Последней из пакета показалась инструкция: три мелко исписанные странички с самыми разными замечаниями. Так как Федор уже имел некоторое представление о задании, он лишь мельком просмотрел инструкции, удостоверившись, что все понял правильно. Сегодня у него было много дел: следовало наведаться по указанному адресу и договориться со Стаськой насчет мусоровоза.
* * *С мусоровозом проблем не возникло. Стаська — давняя знакомая, хорошая баба, хоть и пьющая. За два кредита она позволила Федору в пятницу взять мусоровоз напрокат, при условии, что он не разобьет машину и вернет ее к началу рабочего дня, точнее, утра.
Сомов дал слово и отбыл, не ожидая, что после конторы соседнего ЖЭКа окажется сначала в больнице, а потом в церкви.
Федор еще раз сверил адрес на бумажке и вывеску на металлических воротах. Ошибки быть не могло, Сомов находился там, где хотел, и там, где меньше всего ожидал: перед входом в клинику известного на весь мир доктора Сеченова.
— Черт возьми! — Федор запустил обе пятерни в волосы. — Черт возьми!
Сомов был добрым и высоконравственным человеком. Несмотря на тяжелое положение, в котором он оказался, Федор никогда ничего не крал и очень мучился сознанием того, что придется… нет, не нарушить закон (законы пишут люди), а пойти против совести. И тем горше ему осознавать, что ради спасения дочери он пойдет на любые жертвы. Даже на грабеж клиники — единственного места в мире, где спасают человеческие жизни.

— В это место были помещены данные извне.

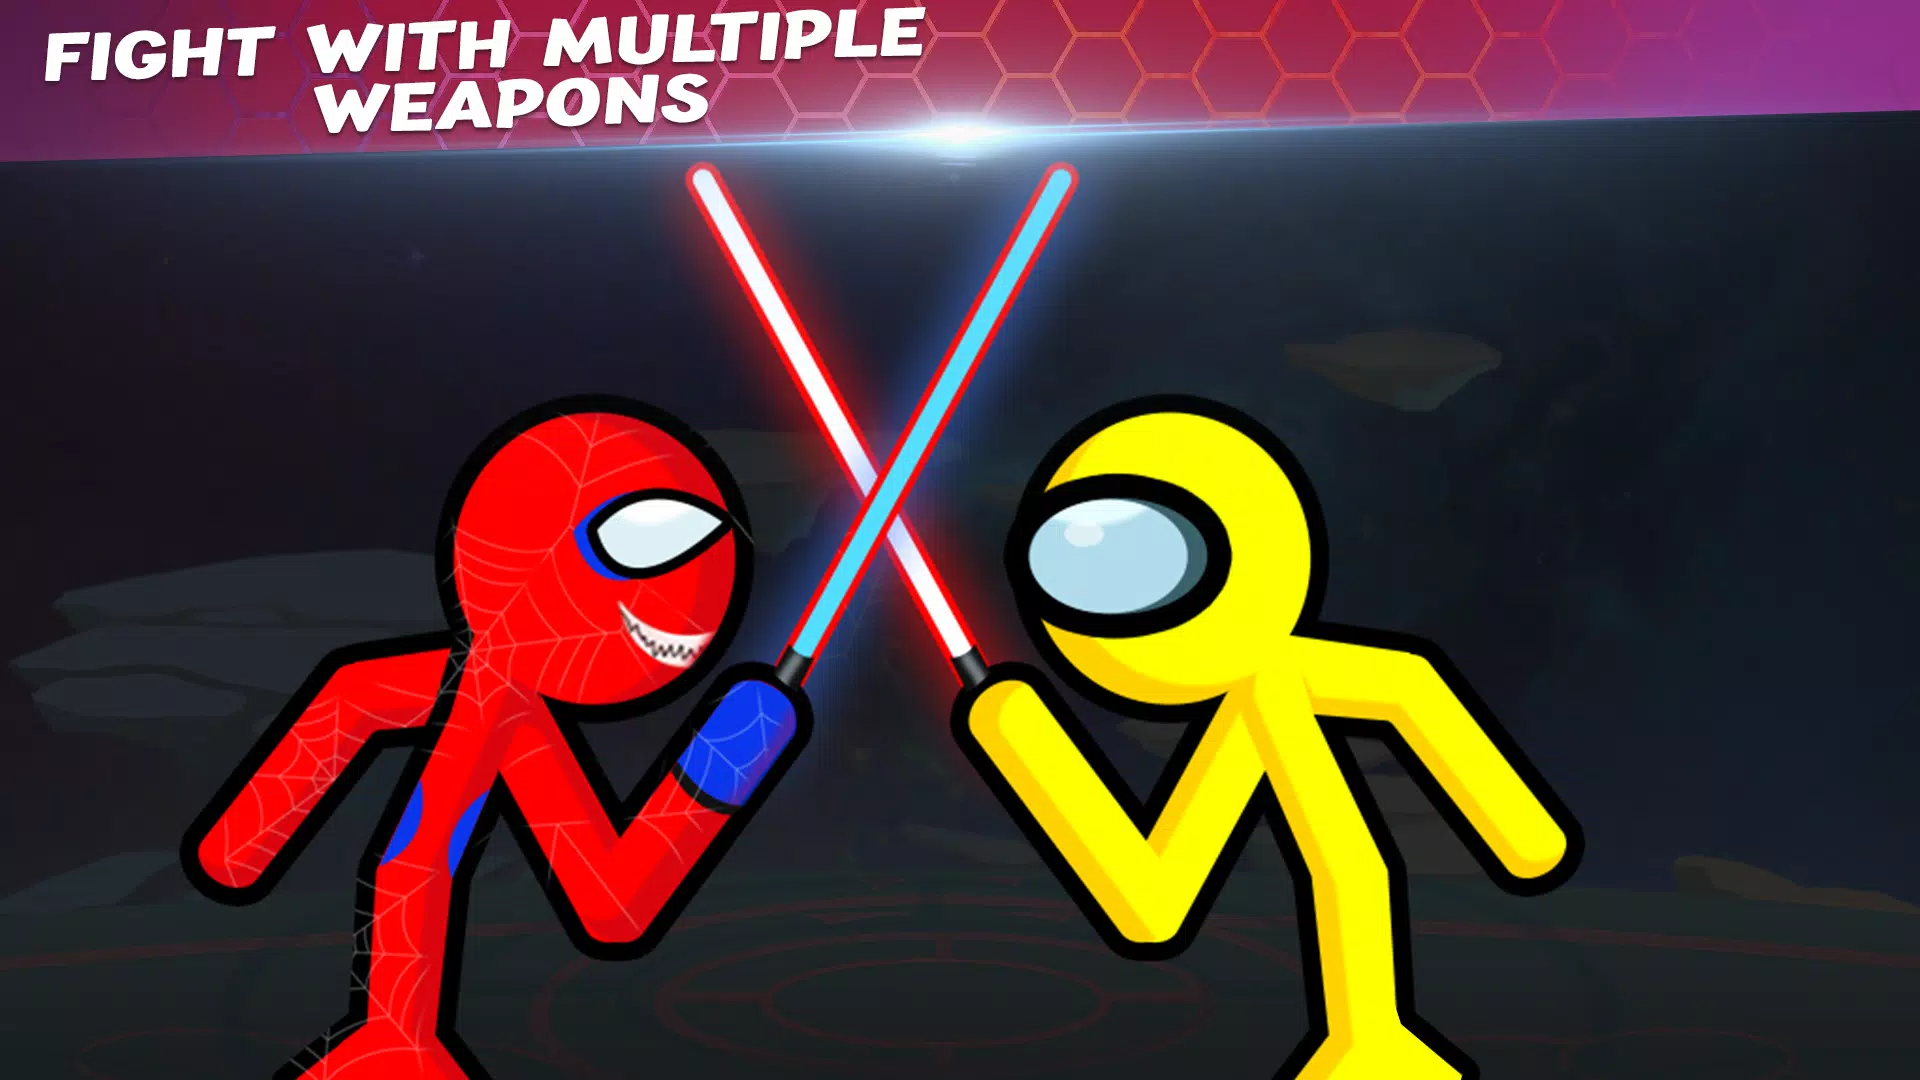 Super Stickman Fighting Battle Game for Android - Download

Он будет мучиться угрызениями совести, нервничать, думать над тем, можно ли было найти другой выход, но, конечно, сделает то, для чего предназначено содержимое желтого пластикового пакета.
— Черт возьми!
Он проклинал типа в черном плаще. Лучше бы он выбрал своей мишенью какой-нибудь безликий банк или музей. И стыдился того, что, несмотря на все мучения, рассматривал клинику не как здание, где помогают людям, а как бастион, который предстоит взять.
Ворота металлические, не слишком высокие, но без единого выступа, перелезть через такие под силу человеку-пауку, но никак не дворнику, никогда не занимавшемуся альпинизмом.

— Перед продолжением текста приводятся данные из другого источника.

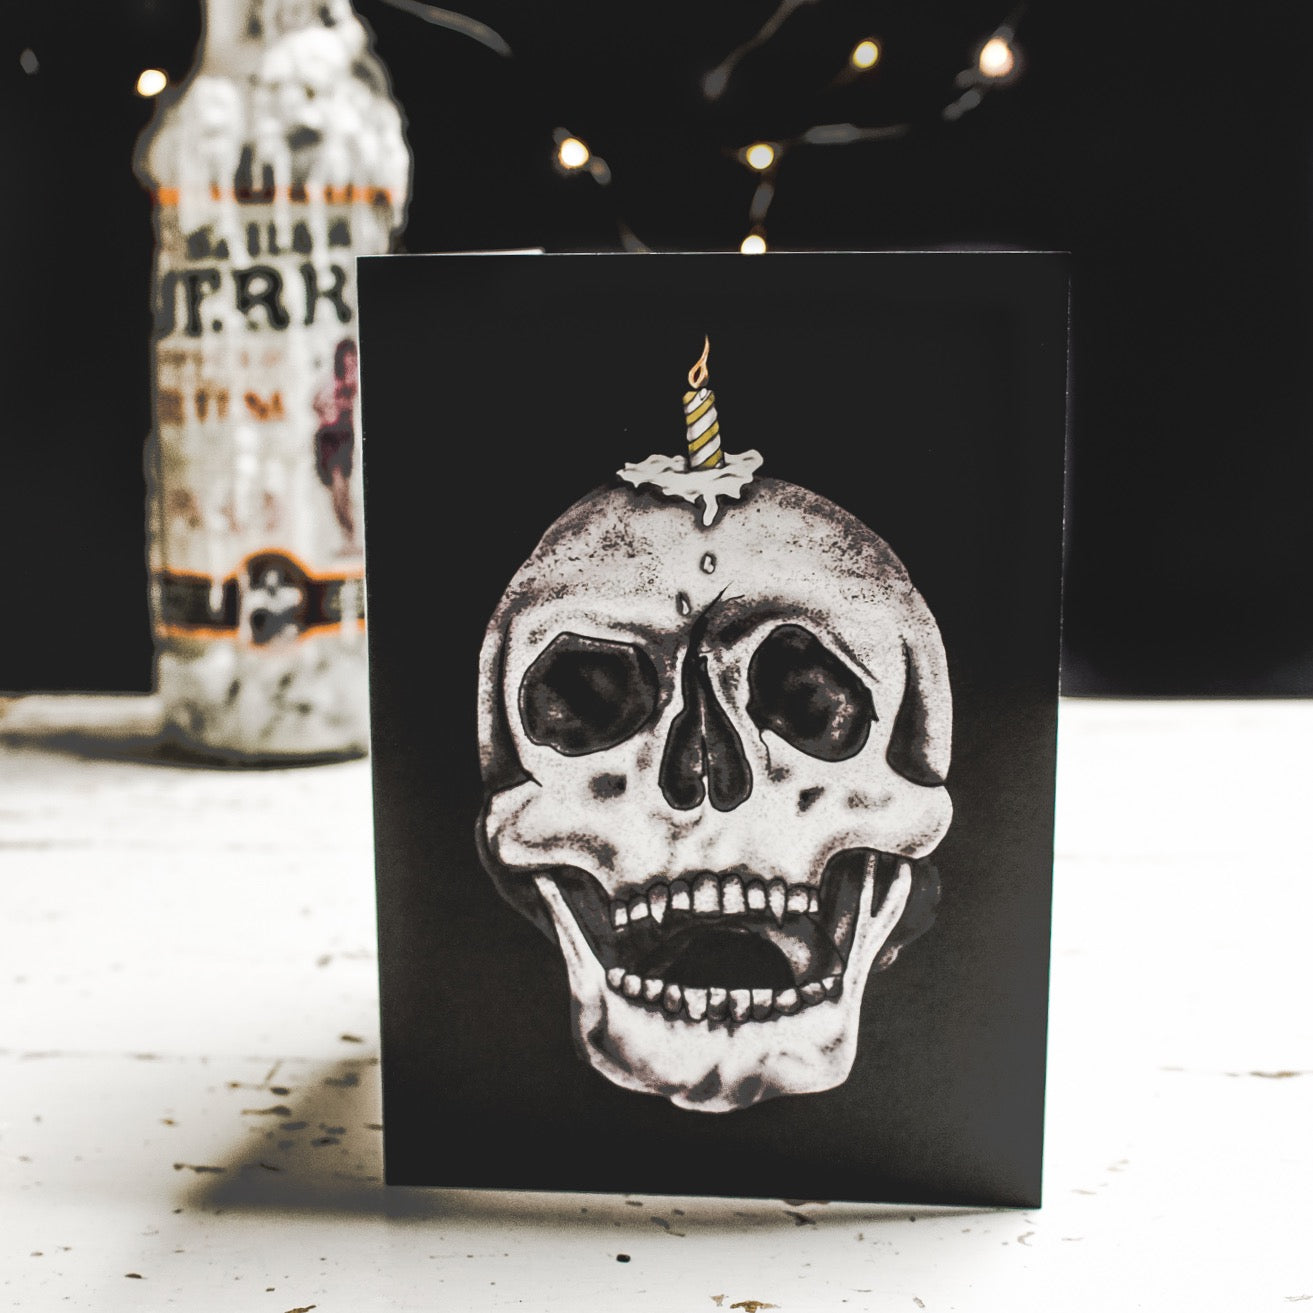 Black Birthday Card With Skull Illustration with melting candle on its head by Wayward

Рядом с воротами — пост охраны. Будка с окнами на все четыре стороны. Охраннику помогала видеокамера. Как сумел заметить Федор, единственная. Если держаться к ней спиной или боком, она не заснимет его лица, и он сумеет остаться неузнанным. При условии, конечно, что будет вести себя естественно и охранник не станет подозрительно его разглядывать.
Сквозь окна будки Сомов рассмотрел дорогу, которая вела от ворот к главному входу больницы. Где-то в середине она разделялась на две: одна дорога подходила к крыльцу, вторая огибала дом и наверняка заканчивалась у гаража. Мусорных баков видно не было, но они ему и не понадобятся — работа Федора — особенный мусор, который хранят не на улице, а в кладовой, упакованным в специальные контейнеры.
Само здание больницы было двухэтажным и достаточно широким. Правое крыло тянулось метров на тридцать, а левое под прямым углом уходило куда-то вглубь сада и терялось среди яблонь. Впрочем, левое крыло Федору и не понадобится. Нужный ему кабинет располагается в правом крыле и, возможно, сейчас он смотрит именно на те окна…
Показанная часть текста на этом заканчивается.